Отпущенник никогда не пользовался симпатиями Герона. Твердая манера этого человека всегда шла наперекор его ворчливому, капризному обращению, и поэтому ему доставляло большое удовлетворение заставить отпущенника почувствовать свое превосходство и похвастать перед ним тем воображаемым счастьем, которое предстояло его дому.

Но Андреас уже знал от придворного врача, что император сообщил послам своей матери о намерении жениться во второй раз, и именно на жительнице Александрии, дочери художника македонского происхождения.

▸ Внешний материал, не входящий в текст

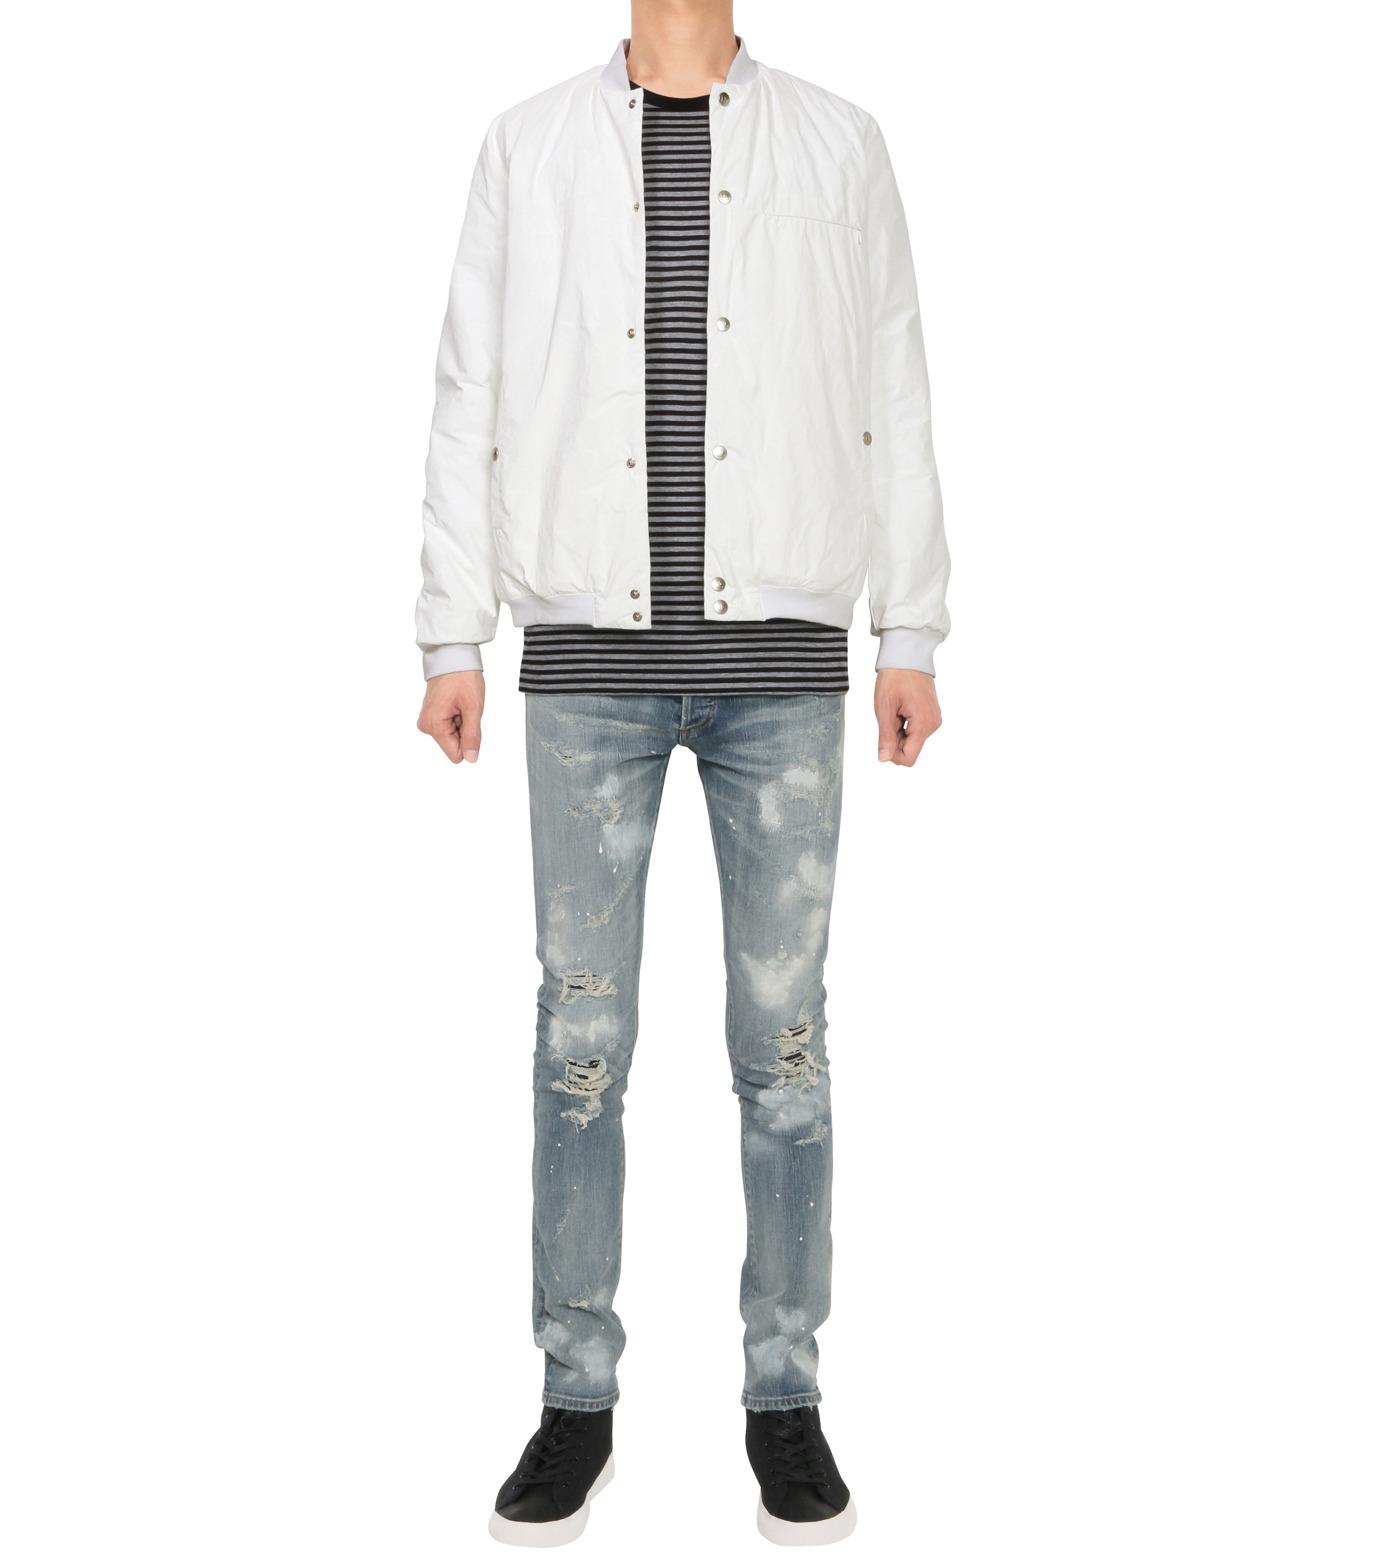 HL HEDDIE LOVU(エイチエル・エディールーヴ)のPAPER RIB COLLAR JACKET-WHITE(ジャケット/jacket)-18A94004-4 拡大詳細画像3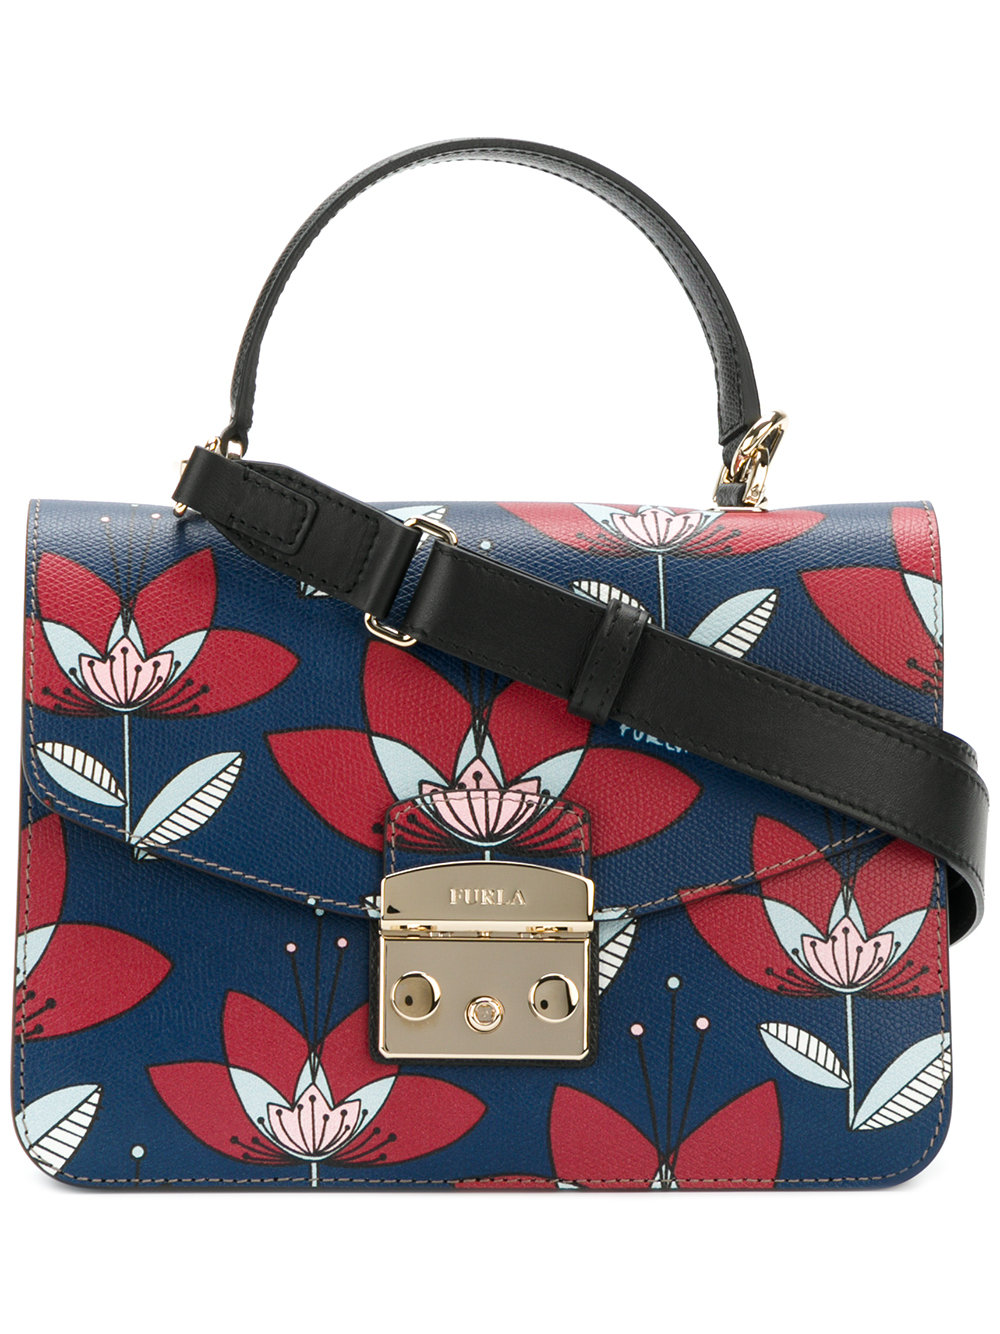 FURLA bag $399

Тут дело могло идти только об одной Мелиссе, и это-то известие и побудило его так энергично настаивать на бегстве девушки.

Бледная, не в состоянии произнести ни одного слова, стояла Мелисса против отца; отпущенник схватил ее руку, бросил на Герона укоризненный взгляд и спокойно спросил его:

– И неужели у тебя действительно достанет мужества соединить судьбу этого милого ребенка с судьбою разбойника, забрызганного кровью?

– Достанет, – твердым тоном проговорил Герон, освобождая руку дочери из руки Андреаса.

Тогда последний с весьма выразительным пожатием плеч обратился спиною к художнику, а Мелисса бросилась вслед за ним, крепко уцепилась за него и воскликнула, обращаясь то к нему, то к отцу:

– Я сговорена с Диодором и крепко держусь за свою и его любовь; скажи ты ему это, Андреас! Что бы ни случилось, я буду принадлежать ему, только ему одному… Император…

– Не произноси никаких заклятий! – с гневом перебил ее Герон. – Клянусь великим Сераписом…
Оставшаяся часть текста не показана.